INDIANAPOLIS – It’s amazing how the script can flip in a short period of time.

The March recruitment of Matt Ryan included a Zoom conference call from the 317 area code. Ryan still was the face of the Atlanta Falcons, but was searching for Phase 2 of his decorated career following the Falcons’ serious pursuit of Deshaun Watson.

He was in his office at his home in Atlanta, and staring at four faces on the screen applying a full-court press to convince him the Indianapolis Colts had a lot to offer.

There was general manager Chris Ballard.

And head coach Frank Reich.

And offensive coordinator Marcus Brady.

And pass-game specialist/assistant quarterbacks coach Parks Frazier.

Ryan smiled when that meeting was broached.

“Yep,’’ he said Wednesday. “If I’m being honest, Parks was probably the least . . . of the four that I talked with . . . the least of what I remember.’’

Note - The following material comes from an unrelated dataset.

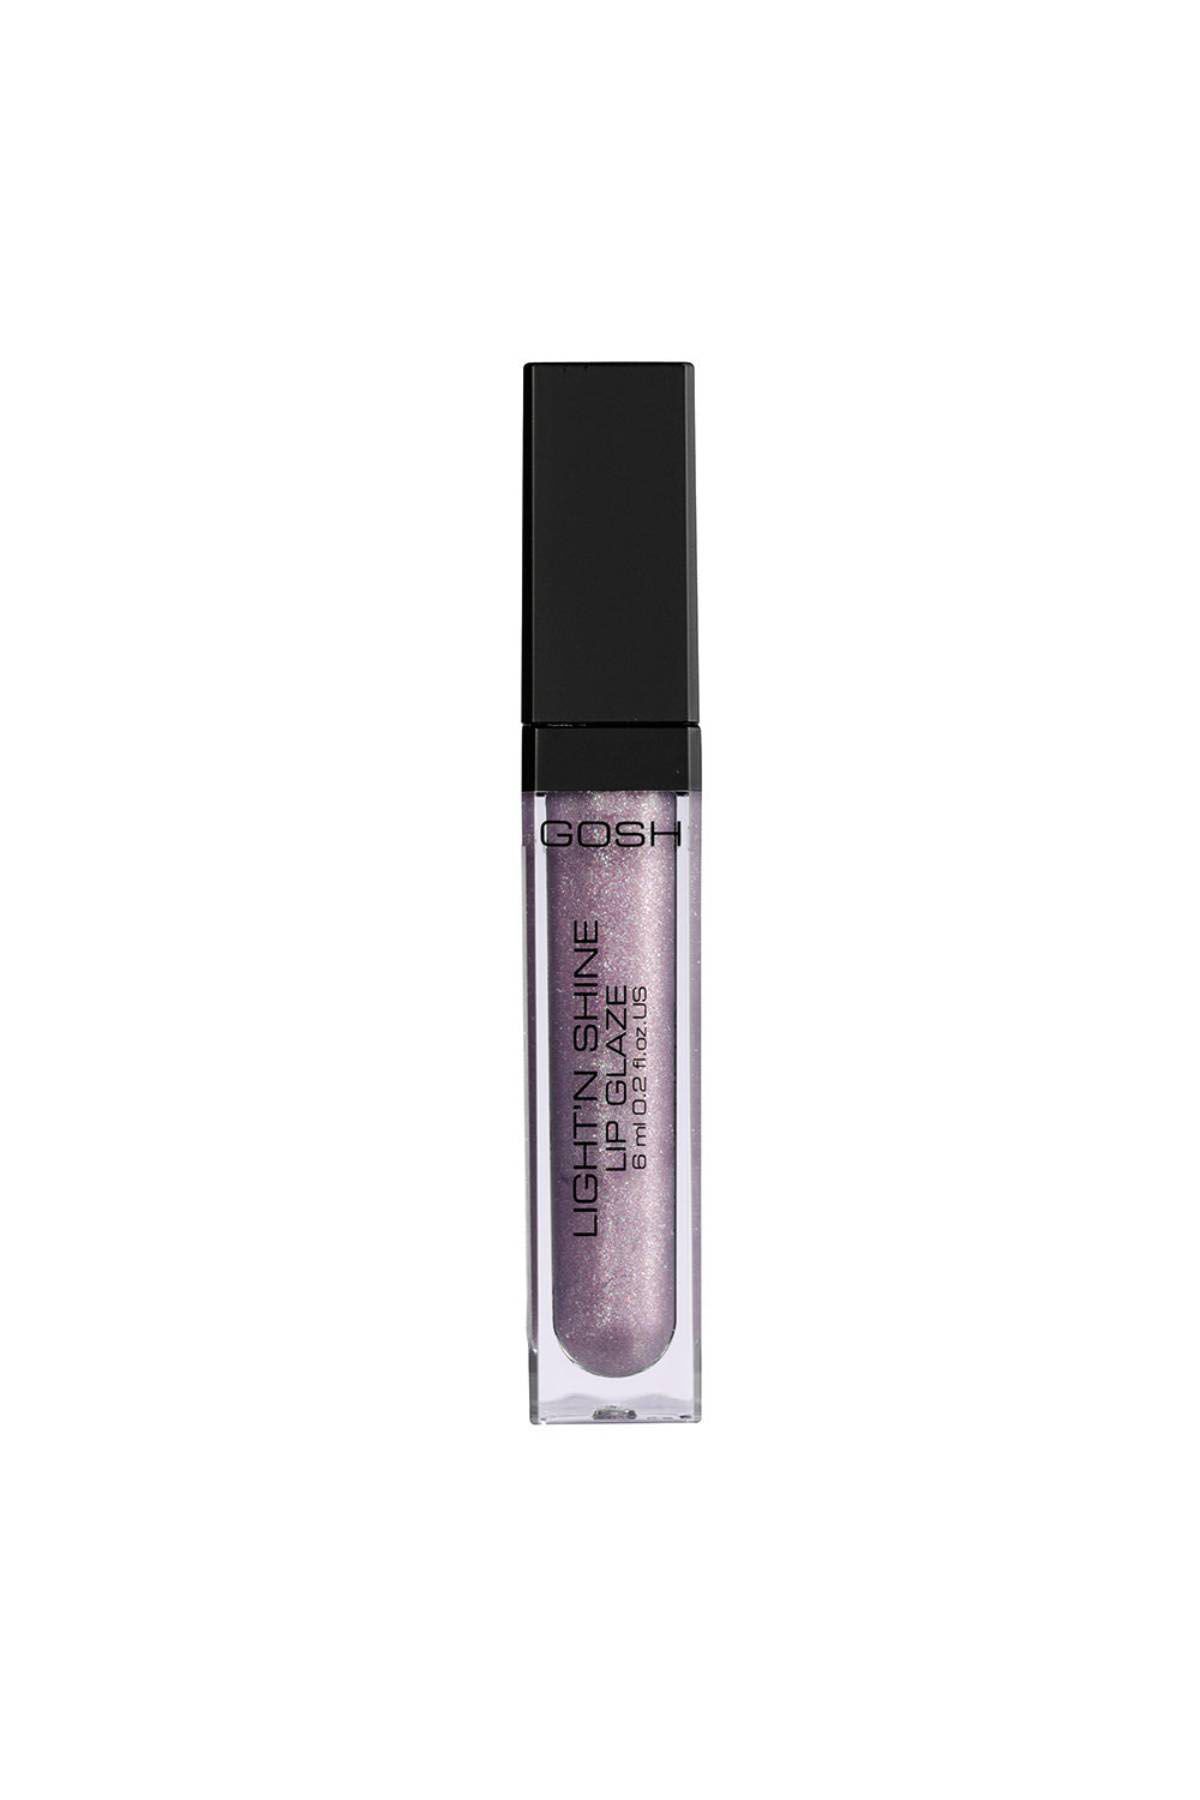 Gosh - Lightn Shine Lip Glaze - 07 Light Purple

In hindsight, the thought of Frazier’s inclusion stuck with Ryan.

“I think it’s telling, though,’’ he said. “It was telling he was on that call.

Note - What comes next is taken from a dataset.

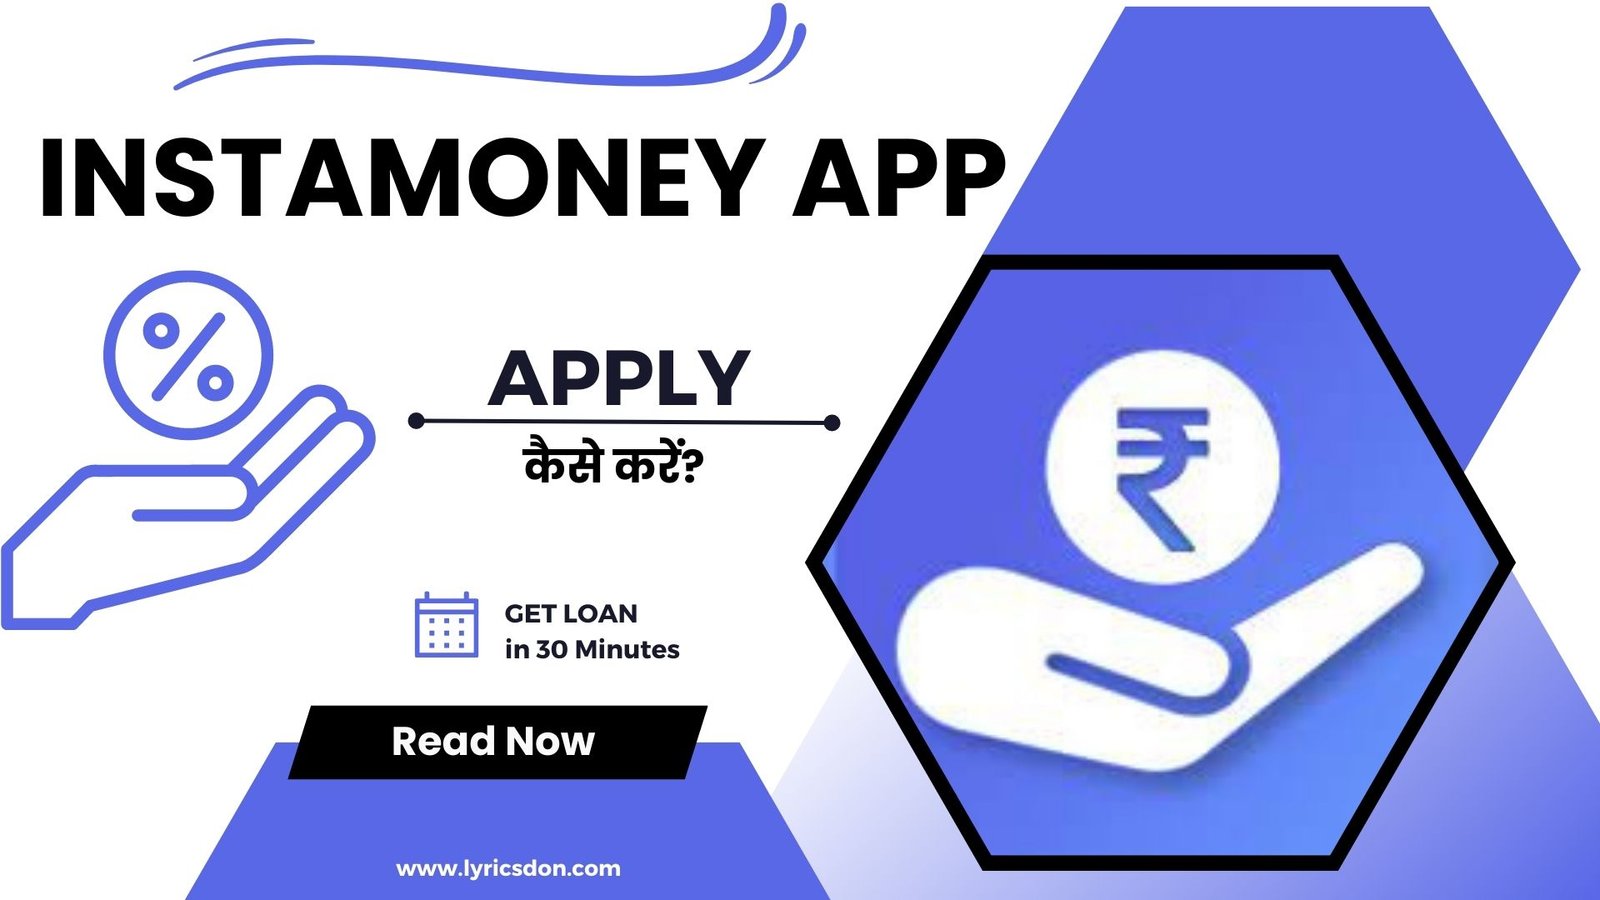 InstaMoney Loan App से लोन कैसे लें?

“Certainly shows what Frank and Marcus and Chris think of him, and I certainly think highly of him.’’

Eight months later, Parks has advanced from ancillary participant to integral part of the overall picture.

Brady and Reich have been fired. Ryan was benched and is dealing with a sprained right shoulder, although he returned to practice Thursday.

Frazier? One of the first moves by Jeff Saturday, named interim head coach following Reich’s dismissal, was naming him playcaller.

“He’s been here the longest,’’ Saturday said. “He knows the offense extremely well.’’

Frazier, 30, will be calling the plays for the first time at any level, other than during a practice setting.

As is the case with Saturday, who was put in control despite no experience at the collegiate or pro level, he’s eager to attack the challenge that’s ahead, starting with Sunday’s meeting with the Raiders in Las Vegas.

“I just know how I prepared,’’ Frazier said. “I know where my mindset is. I know that we have a staff that I love and appreciate. These guys have stepped up to the plate, and they’re already helping me so much.’’

Along with Frazier’s knowledge of Reich’s offense – it’s folly to believe much will change from a schematic standpoint – his role on the staff made him a more appropriate choice.

“A floater,’’ Saturday described him.

The other offensive assistants had specific responsibilities: Reggie Wayne (receivers), Scottie Montgomery (running backs), Klayton Adams (tight ends), Chris Strausser and Kevin Mawae (offensive line), Scott Milanovich (quarterbacks).

“My stepping into this role allows everybody else to keep their same roles, and a lot of those processes stay in place, which I think is a big part of it,’’ Frazier said. “For me, I’m confident in my abilities.

“I’m never going to say that I have all the answers because I don’t think anybody has all the answers, and this is what I told the guys: ‘I’m going to work my tail off though to find them.’ That’s all that I can do, is to say I’m going to give you my best. That’s what I bring to the table.’’

Frazier also brings a tireless work ethic. He was part of Reich’s first staff in 2018, initially as Reich’s assistant. He was elevated to offensive quality control in 2020, then to pass game specialist/assistant quarterbacks coach last season.

Frazier always put in the hours; more so now.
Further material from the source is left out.